Now is the time in Tennessee to move the conversation about medical cannabis out from the shadows and away from hushed conversations.
Now is the time in Tennessee to restore patient freedom. Now is the time for this medicine.
Thirty states and two-thirds of the U.S. already have access to more than 800 medical cannabis products, but not Tennesseans. Around us, first there was Arkansas, Kentucky’s governor has signaled his support, and Virginia is quickly moving toward medical cannabis.
Tennesseans are there. Nearly 80 percent of registered voters support giving doctors the option to prescribe medical cannabis. Two-thirds of Republican voters do. Tennessee doesn’t have this mechanism for policy-making, but if this were up to a statewide referendum – as it’s been done in other states – regulated access to medical cannabis would already be here.
But Tennessee is in danger of being left behind, a state known for health care innovation about to lose out on market share of an industry projected to hit $20 billion in the next six years, as states with medical cannabis laws have seen deaths from opioid overdoses drop by 25 percent and the number of painkiller prescriptions fall by 23 percent.
This session the Tennessee legislature will consider HB 1749/SB 1710, the Medical Cannabis Only Act (MCO), a conservative, medically responsible Tennessee solution to help those with specific, debilitating health conditions.
The MCO bill provides industry oversight and safe patient access and the right for municipalities to opt out of it if they choose. It creates an independent regulatory commission to balance the needs of entrepreneurs and patients, with law enforcement at the table, in an accountable and transparent manner.
Overseas, scientific research advances into the medicinal benefits of cannabis have been significant, especially in Israel. Here in America, even with the resistance of the federal government to research into medical cannabis benefits, there are now over 60 peer-reviewed studies that qualify for FDA field trials. So, why isn’t this science being put to use here in Tennessee to relieve pain and suffering across a long list of medical conditions?
Old stereotypes and misinformation die hard. Opponents claim cannabis is a dangerous drug. False. The National Institute of Drug Abuse acknowledges that the toxicity of cannabis is zero. It’s physically impossible to overdose on cannabis. You are more likely to overdose on water. Then the argument it’s a ‘gateway drug.’ False. They majority of cannabis users never move on to persistent use of ‘harder drugs.’

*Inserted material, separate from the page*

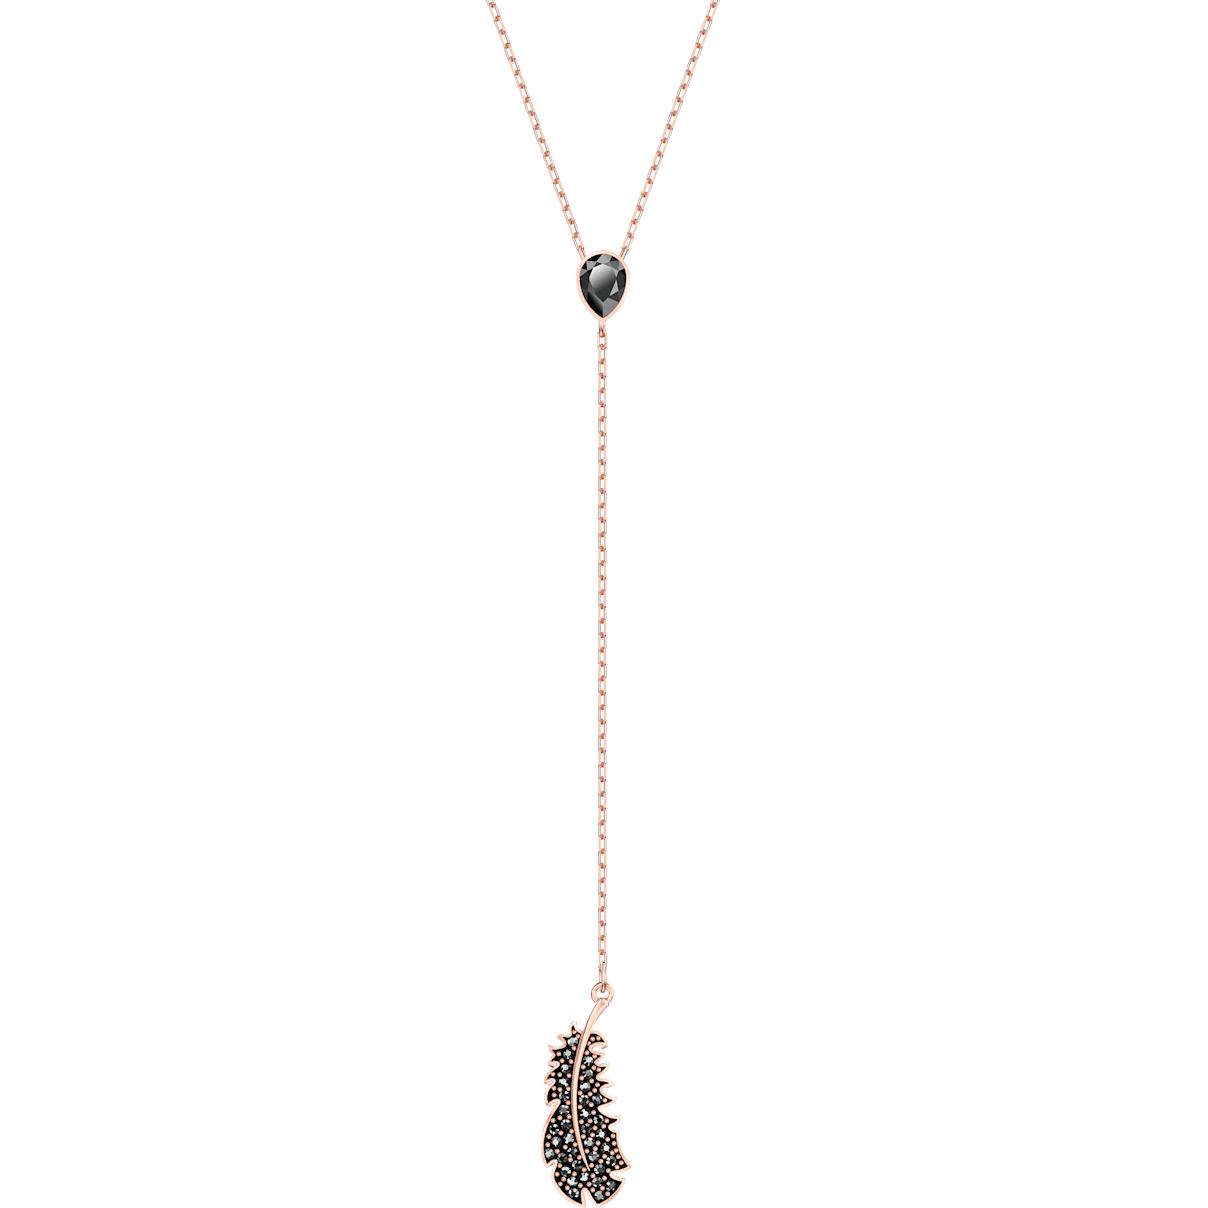 Swarovski Naughty Y Necklace, Black, Rose-gold tone plated

Medical cannabis is not a miracle cure. But, the growing body of science research worldwide shows that medical cannabis can provide significant, if not dramatic, positive results to treat a number of medical conditions. Why shouldn’t Tennesseans – working with their doctor – have the right to try those treatments under medical supervision instead of being left behind?
The Tennessee Medical Cannabis Trade Association is working with all interested parties to get to a fair-minded solution and to move away from the misinformation of the past. Law-abiding Tennesseans should not be forced to subsidize the cannabis black market to meet their health care needs. Tennesseans should not be passed by when non-addictive and lower cost alternatives to opiates are available to remedy pain and suffering.

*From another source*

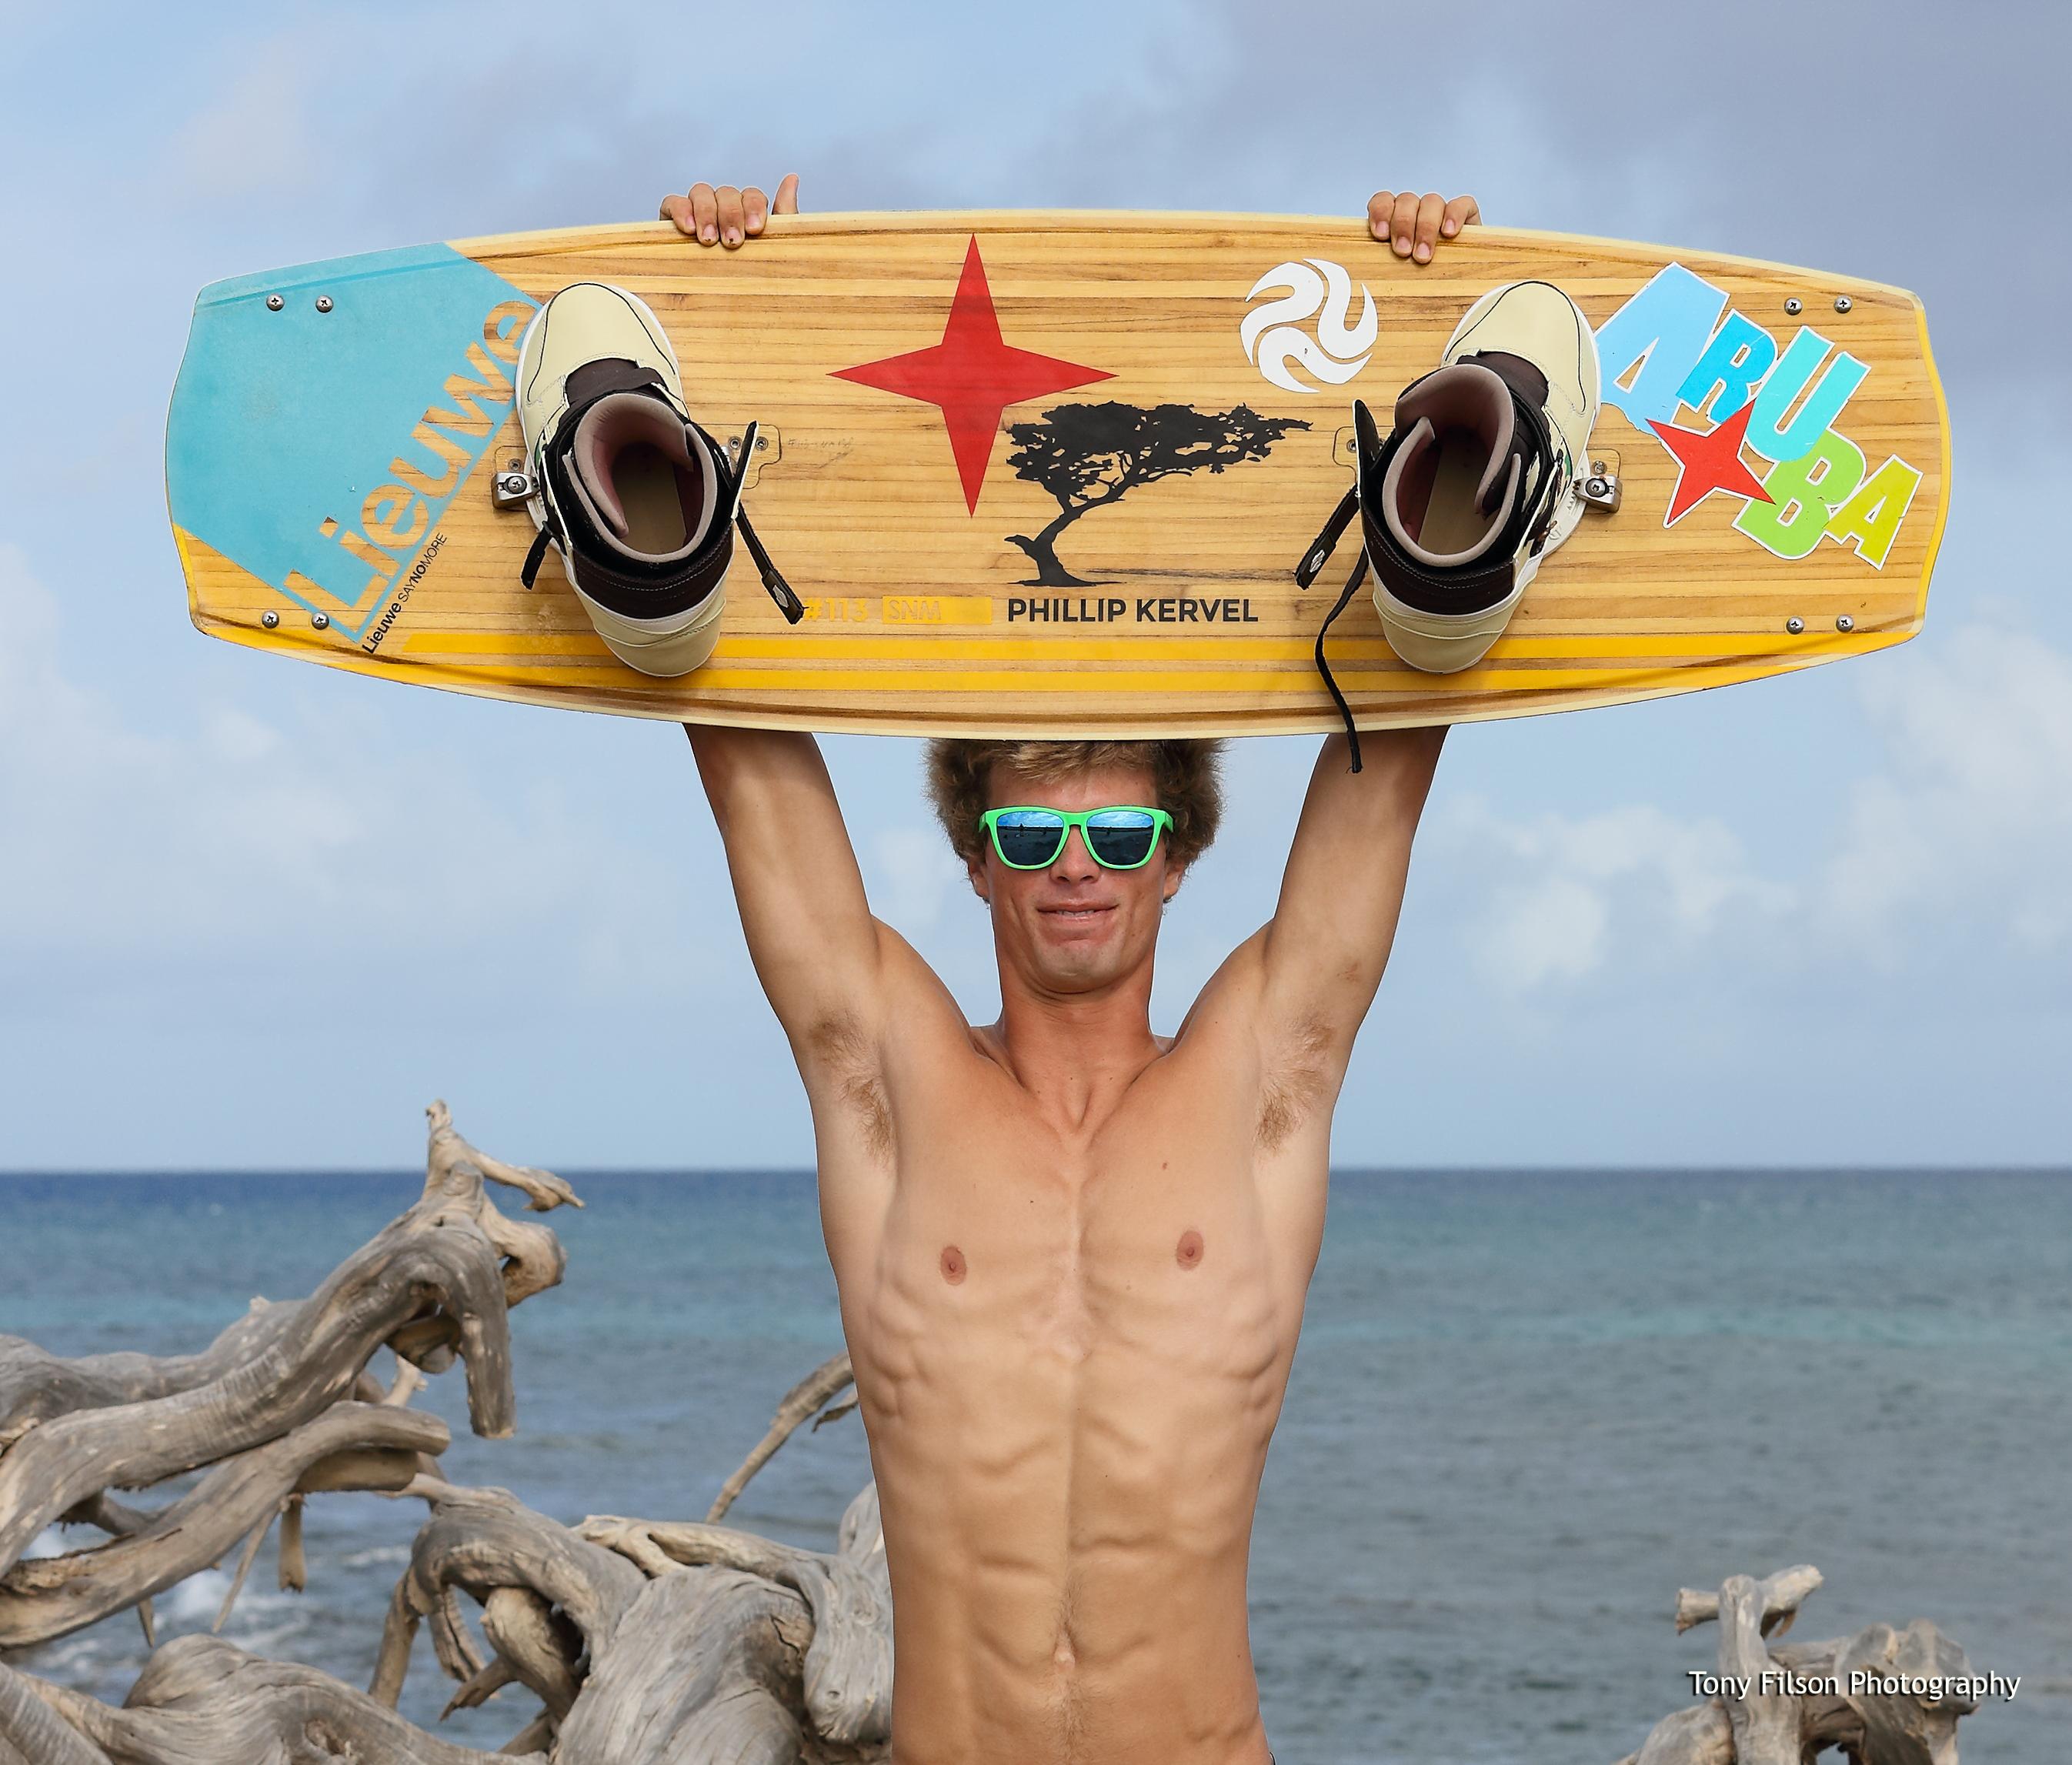 Phillip Kervel Kitesurfing Champion

Medical cannabis is one of the fastest growing industries in both the US and globally because it works. The Medical Cannabis Only bill is a conservative and responsible approach for Tennessee to catch up with America and provide patients an additional treatment option that works for them.
It’s medicine, and it’s time.
Glenn Anderson is the executive director of the Tennessee Medical Cannabis Trade Association. He is originally from Tennessee. Glenn served in the Washington State legislature for 12 years and was the Republican lead on expanding that state’s medical cannabis laws.